RECHTBANK ZEELAND-WEST-BRABANT

Strafrecht
Zittingsplaats: Middelburg
parketnummer: 02/820002-15
vonnis van de meervoudige kamer van 25 augustus 2023
in de strafzaak tegen
[verdachte] ,
geboren op [geboortedag 1] 1987 te [geboorteplaats] ,
wonende te [woonadres] ,
raadsvrouw mr. N. Wouters, advocaat te Middelburg.

1.Onderzoek van de zaak

De zaak is inhoudelijk behandeld op de zitting van 11 augustus 2023, waarbij de officier van justitie mr.

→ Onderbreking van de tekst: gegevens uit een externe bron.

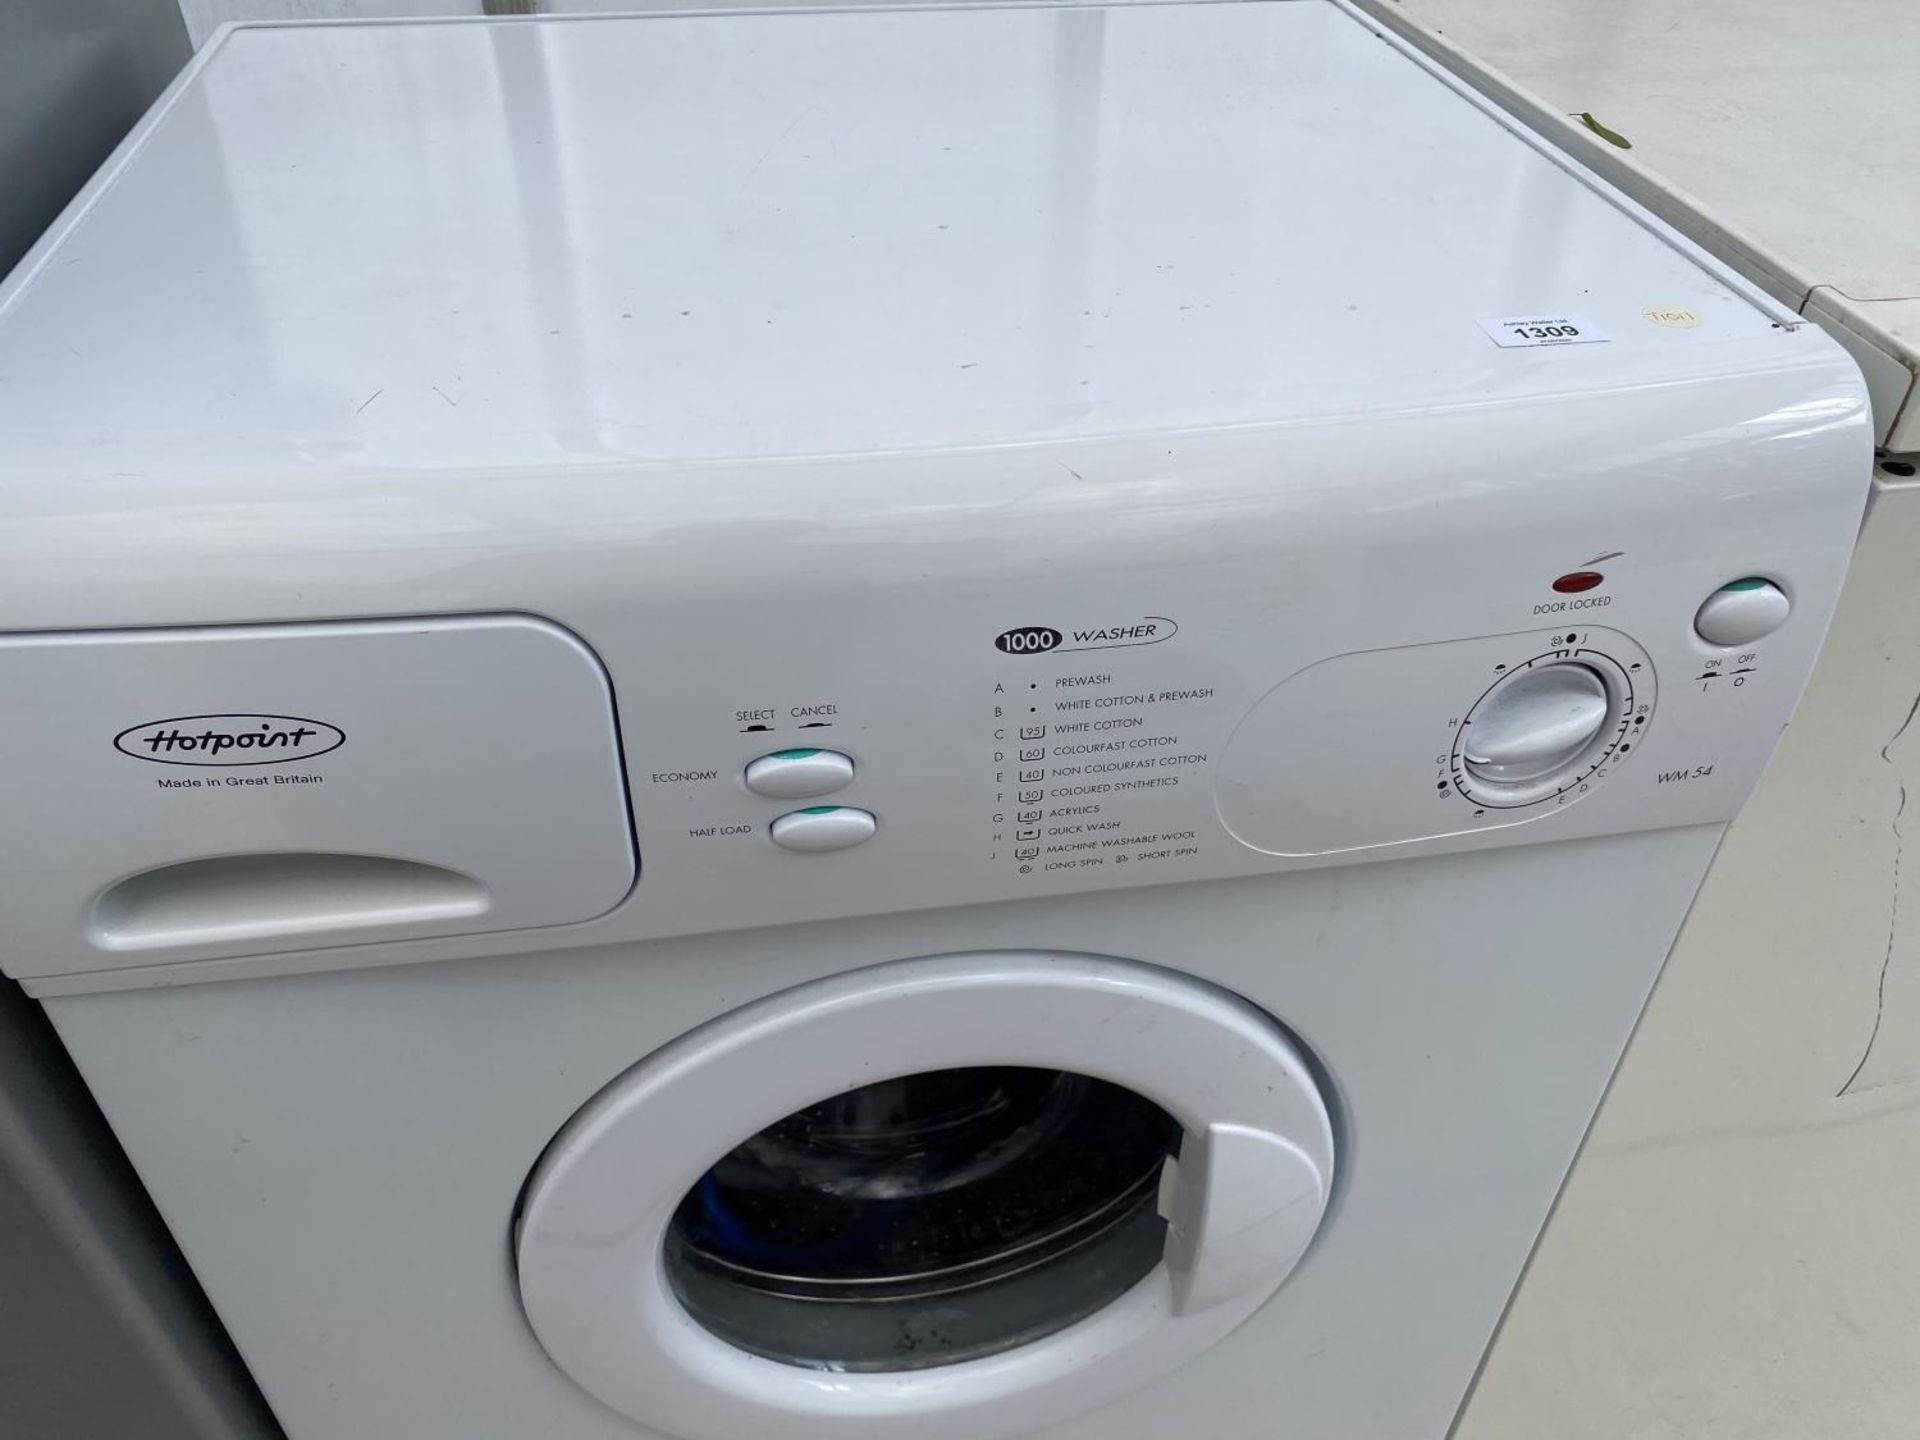 A HOTPOINT WM54 WASHING MACHINE IN CLEAN AND WORKING ORDER - Image 2 of 2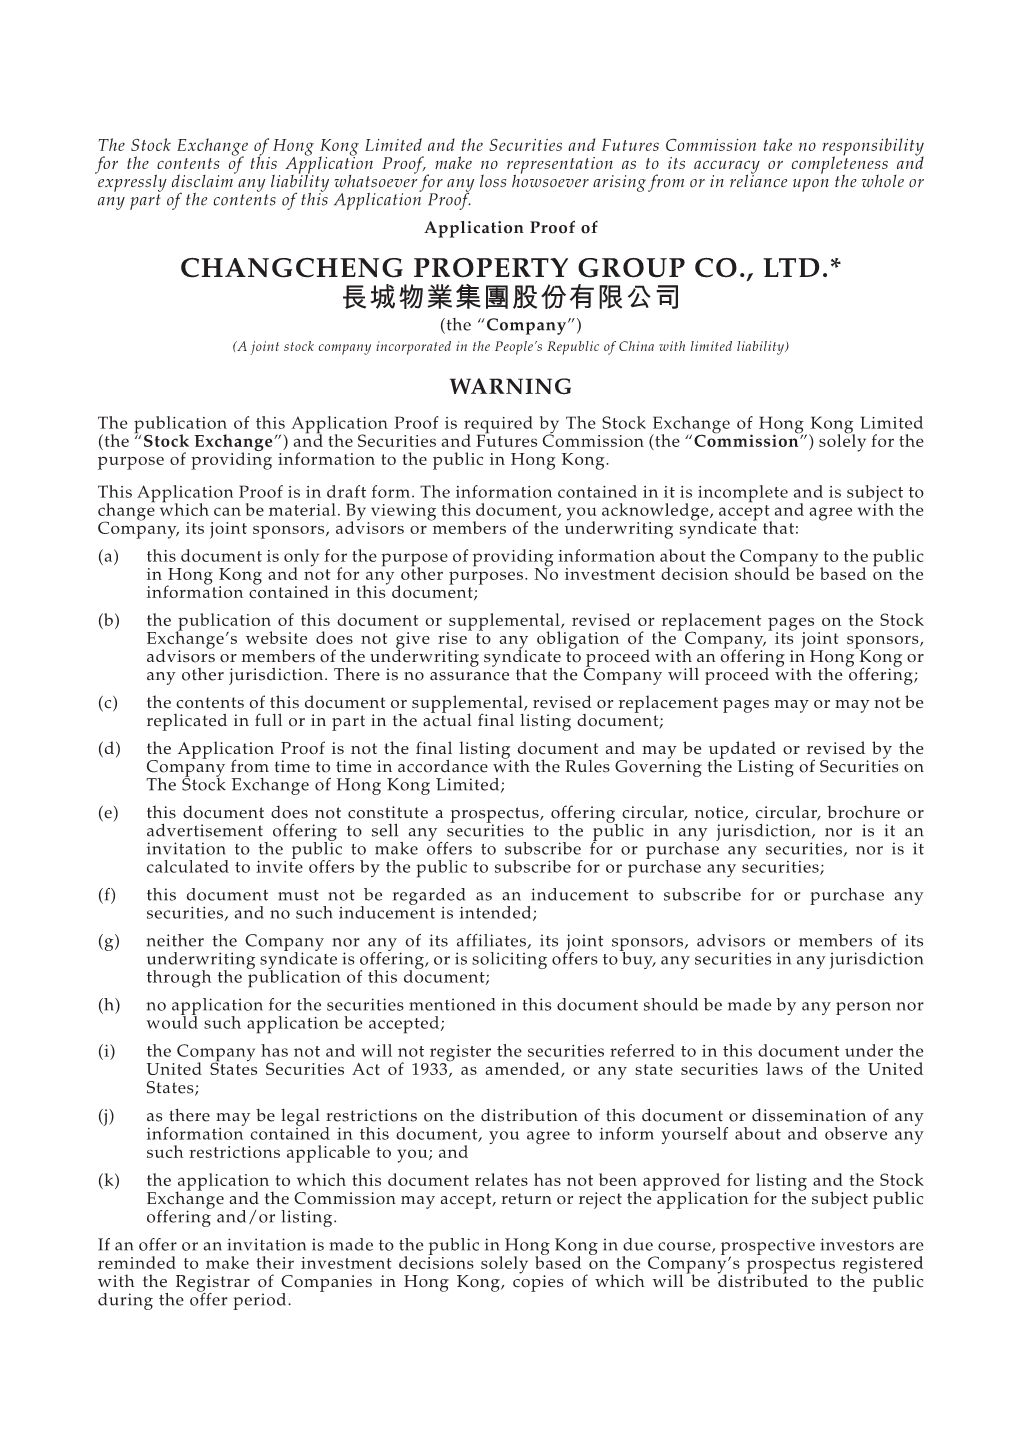 CHANGCHENG PROPERTY GROUP CO., LTD.* 長城物業集團股份有限公司 (The “Company”) (A Joint Stock Company Incorporated in the People’S Republic of China with Limited Liability)

M.C. Fimerius en de verdediging hun standpunten kenbaar hebben gemaakt.

2.De tenlastelegging

De tenlastelegging is als bijlage I aan dit vonnis gehecht.
De verdenking komt er, kort en feitelijk weergegeven, op neer dat verdachte zich schuldig heeft gemaakt aan de poging tot doodslag op zijn zoon, subsidiair ten laste gelegd als zware mishandeling en meer subsidiair ten laste gelegd als mishandeling.

3.De voorvragen

De dagvaarding is geldig.
De rechtbank is bevoegd.
De officier van justitie is ontvankelijk in de vervolging.
Er is geen reden voor schorsing van de vervolging.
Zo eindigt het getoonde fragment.